__Source material__
════════
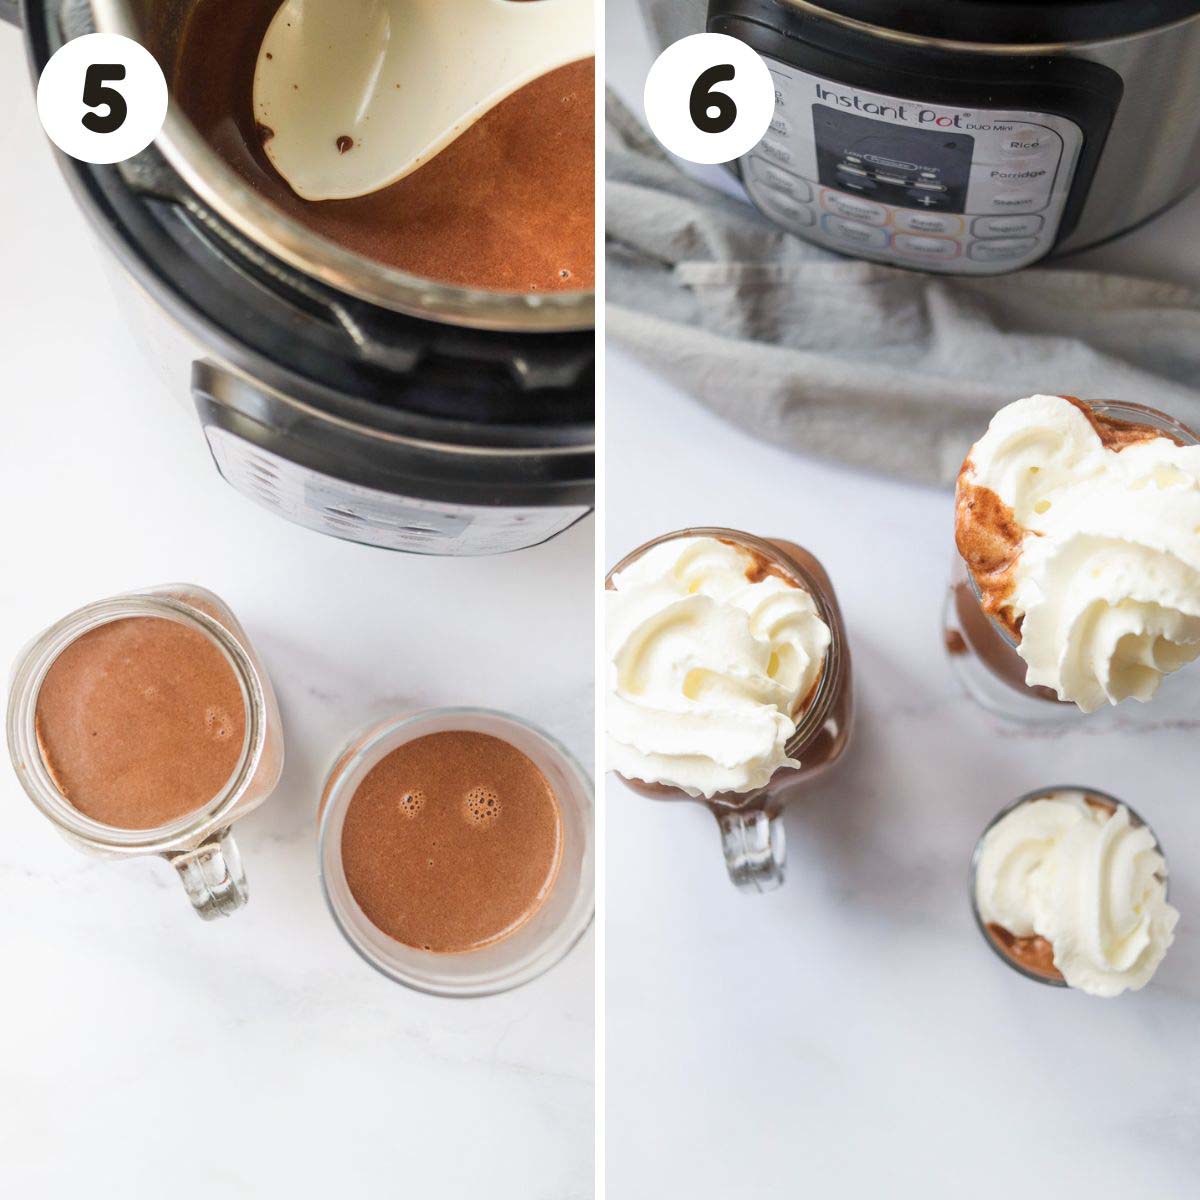 Steps to serve the hot chocolate.
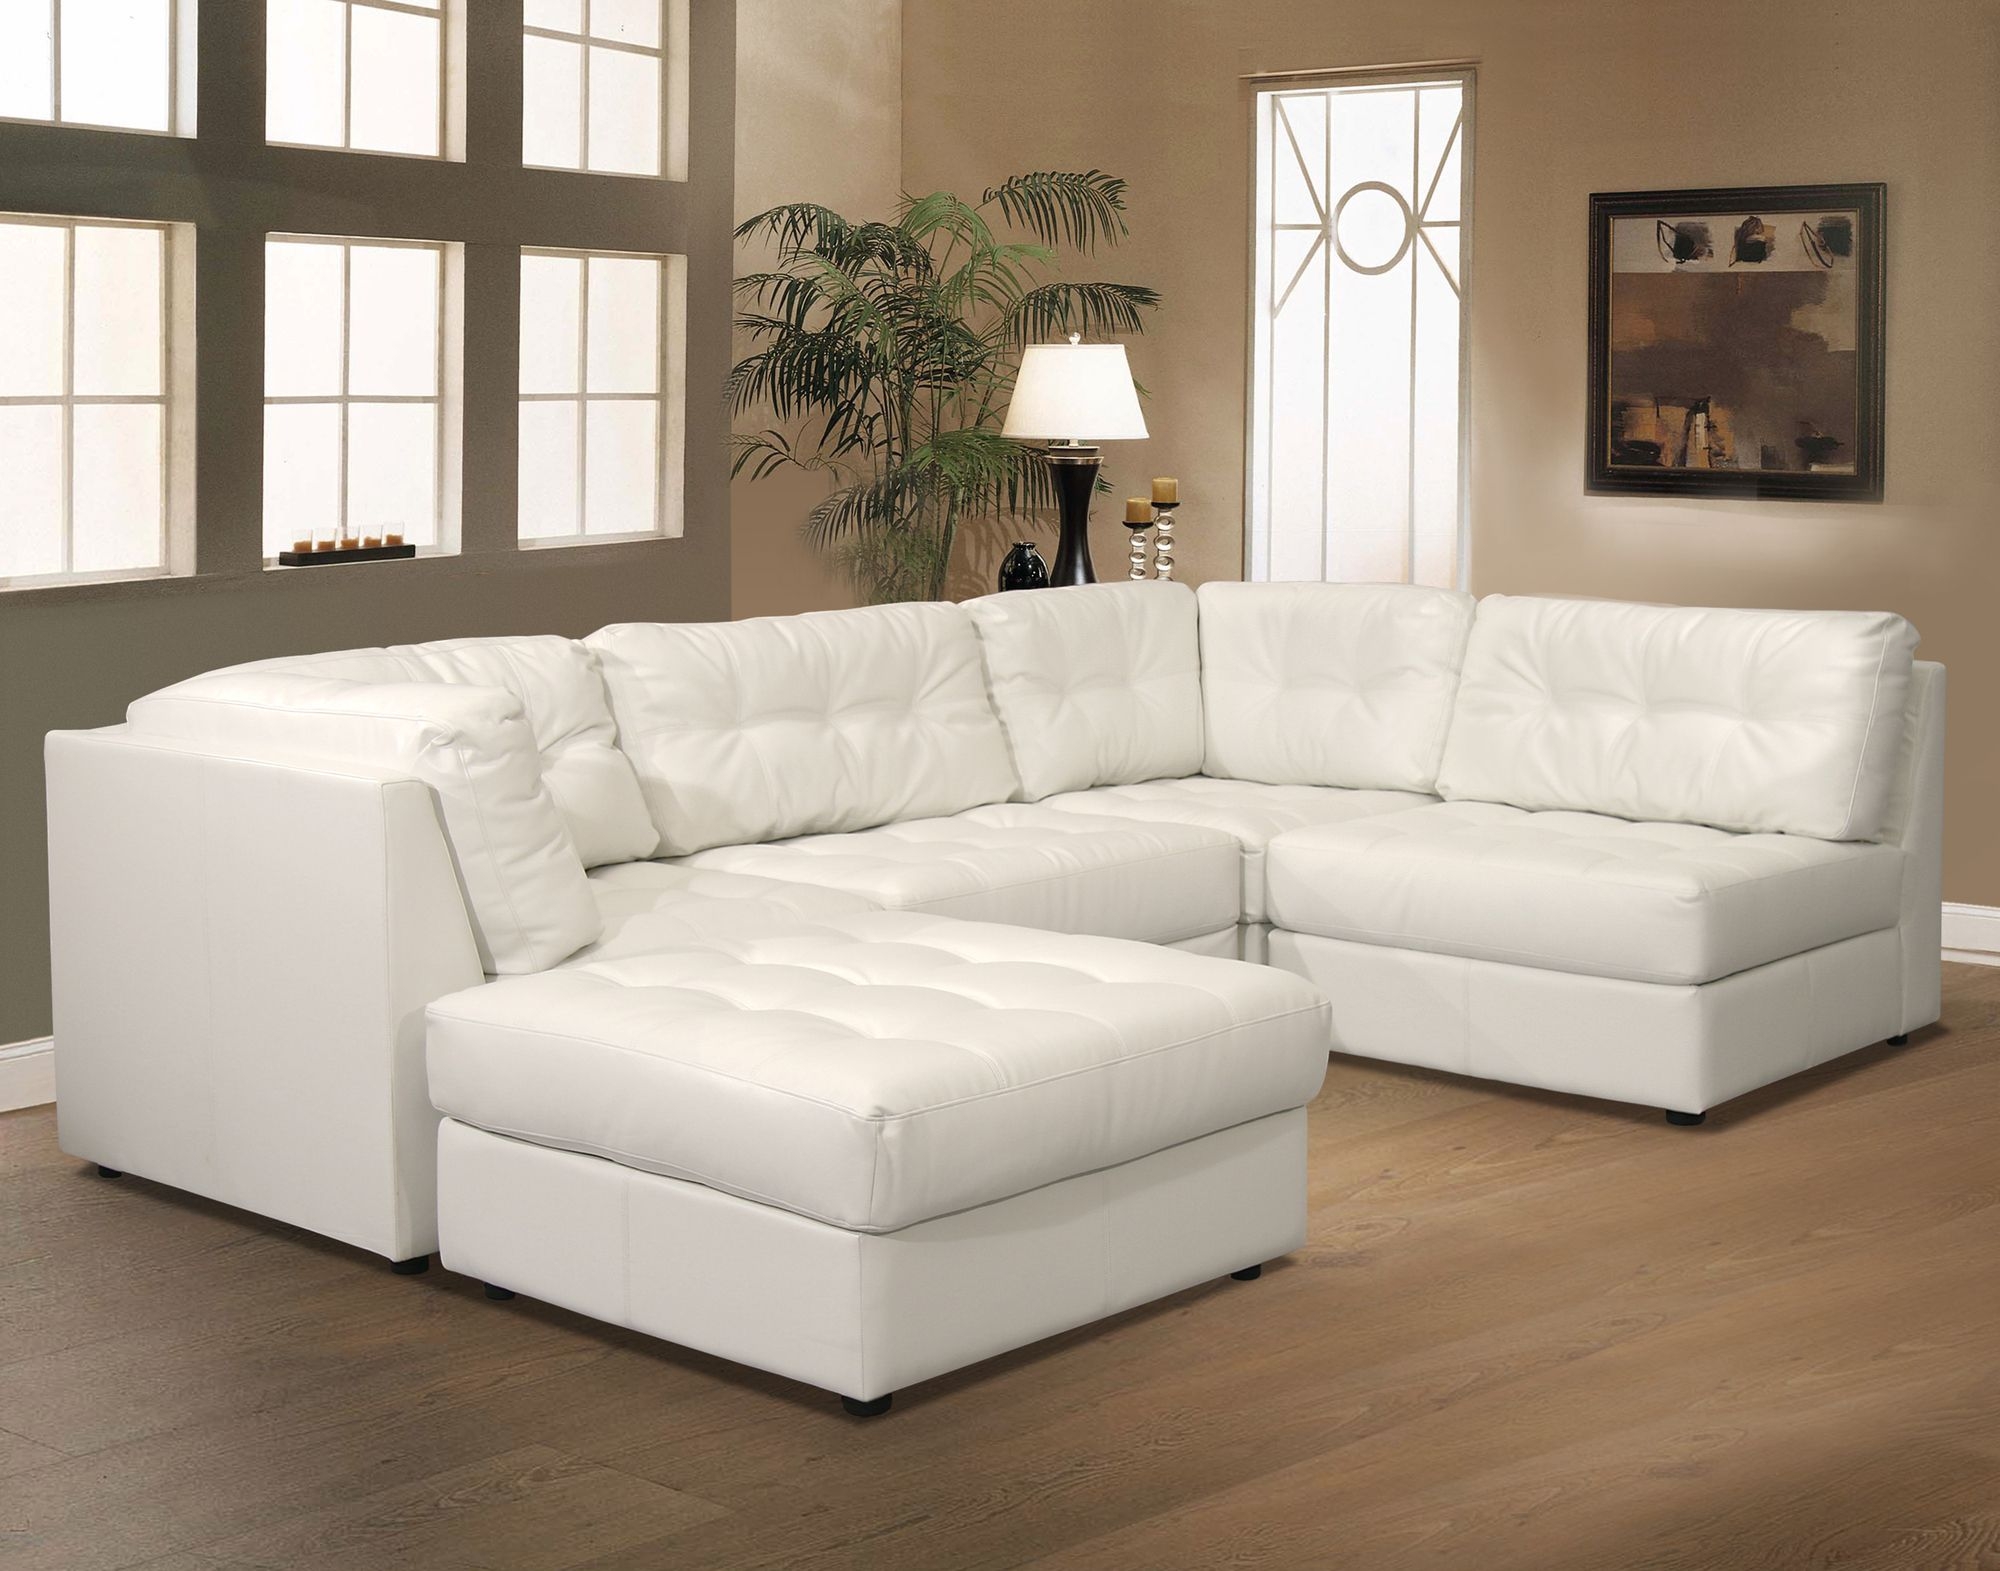 Small white leather sectional 15
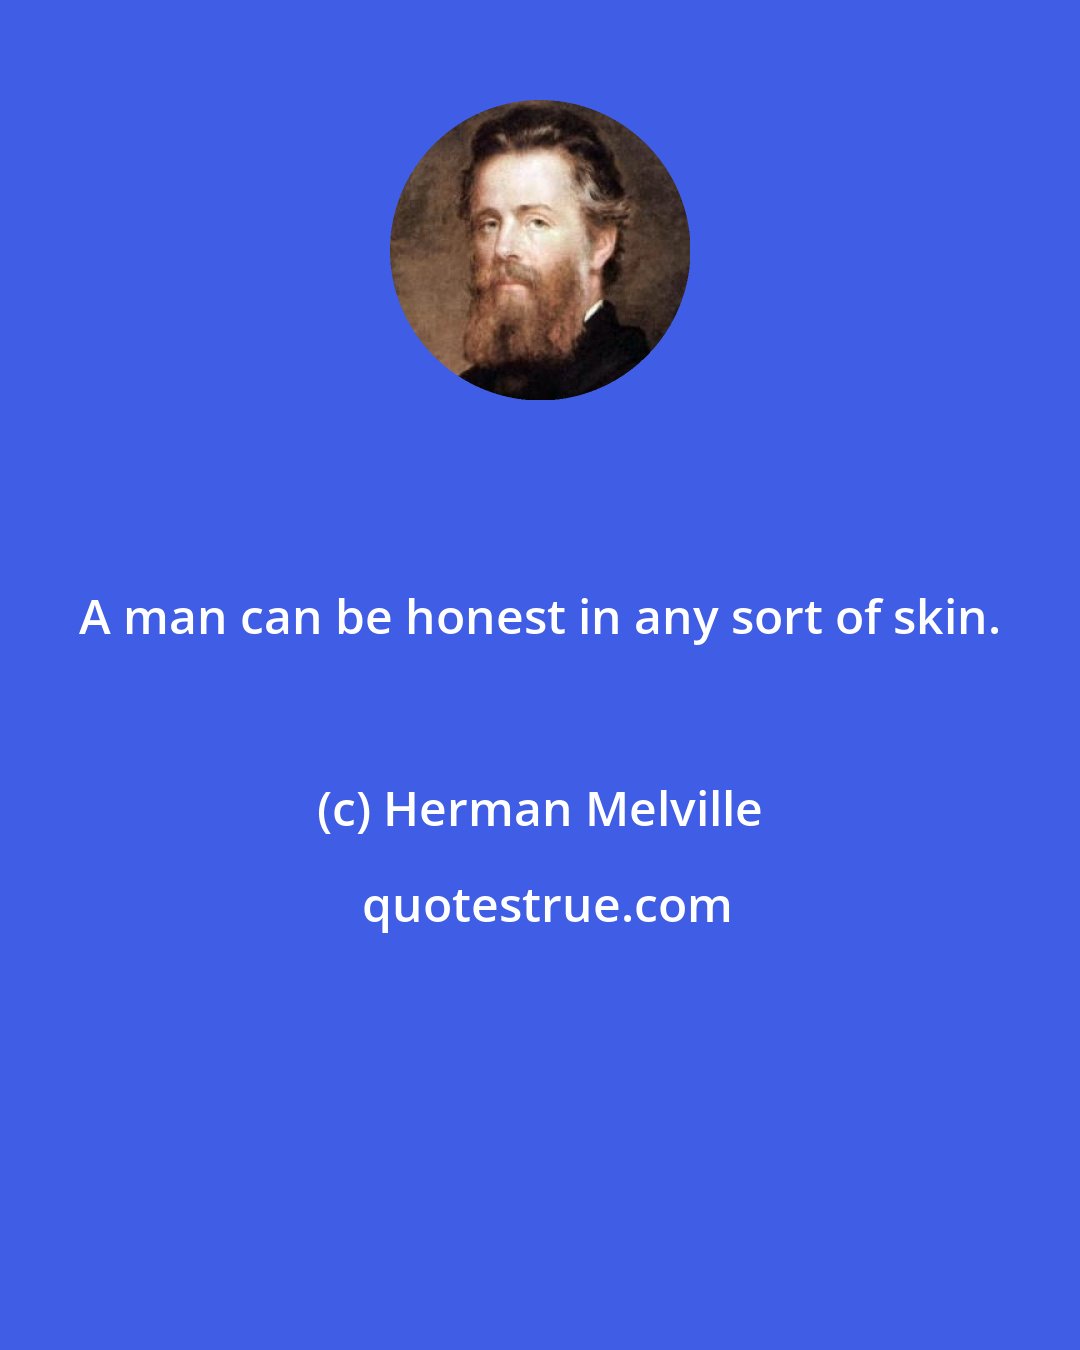 Herman Melville: A man can be honest in any sort of skin.
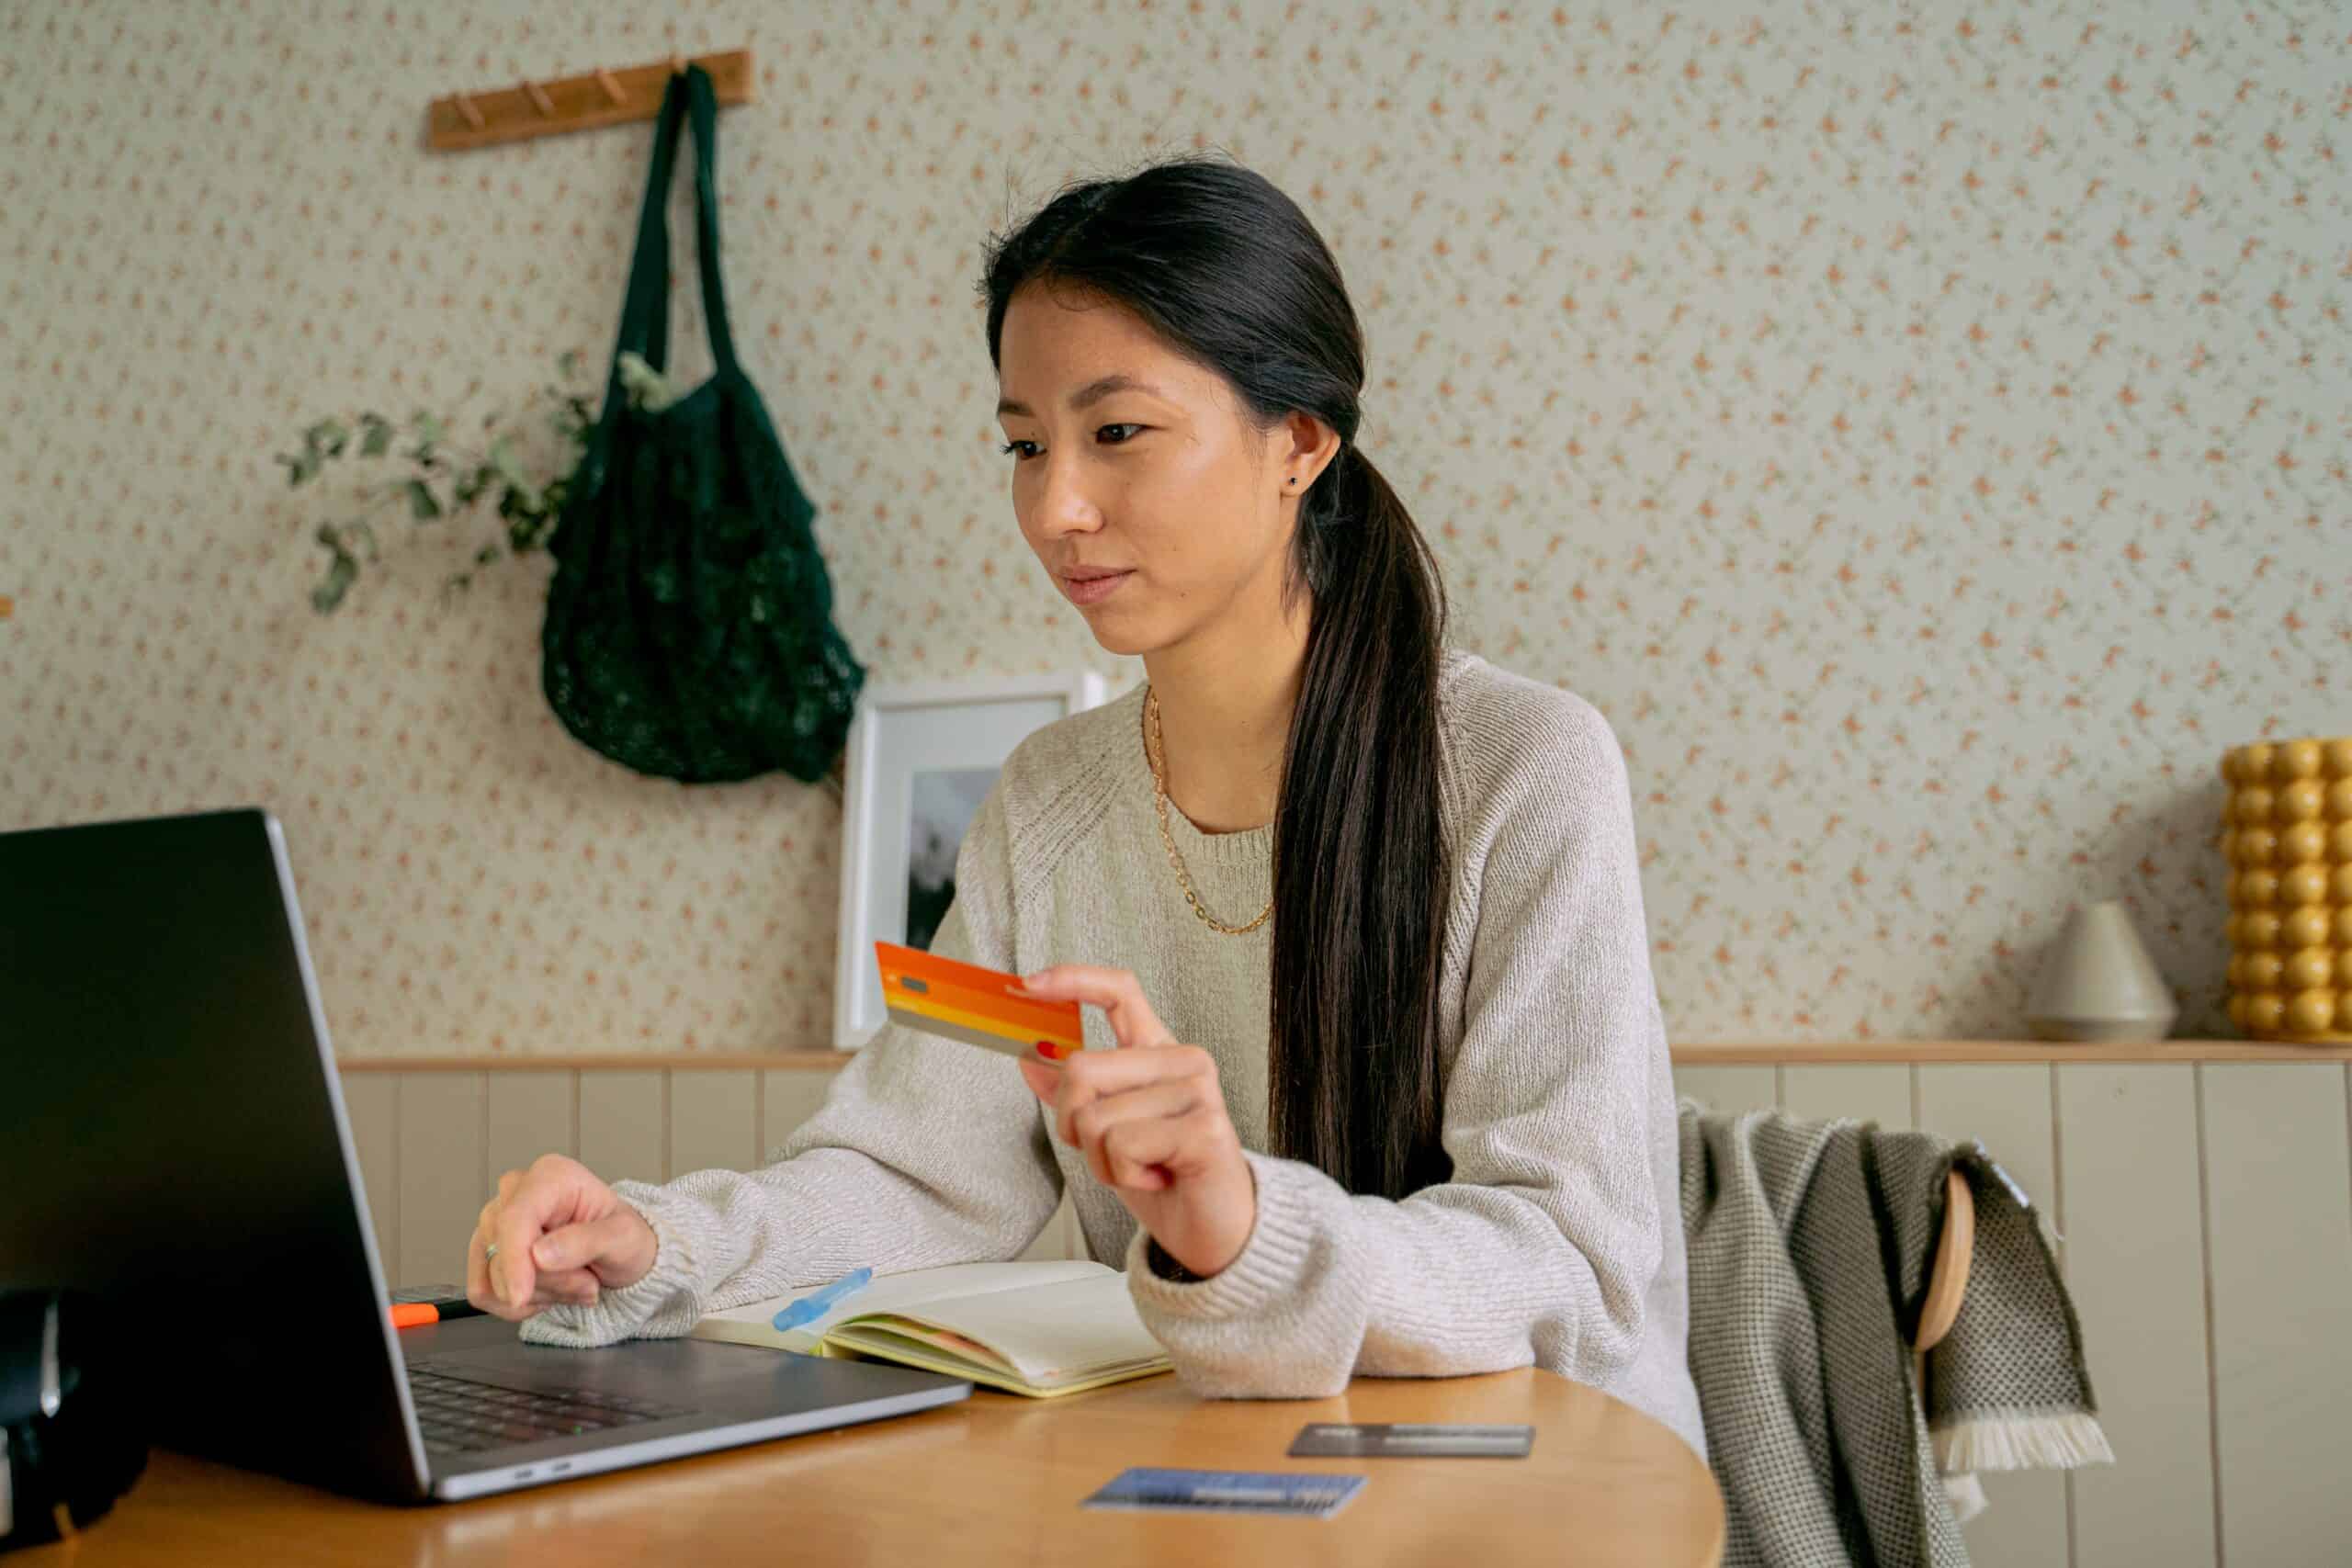 Woman holding credit card while looking at laptop.
════════
__What you need to do__
For this exercise, restate the material exactly and skip every picture.

__Your response__
 Steps to serve the hot chocolate.
 Small white leather sectional 15
 Herman Melville: A man can be honest in any sort of skin.
 Woman holding credit card while looking at laptop.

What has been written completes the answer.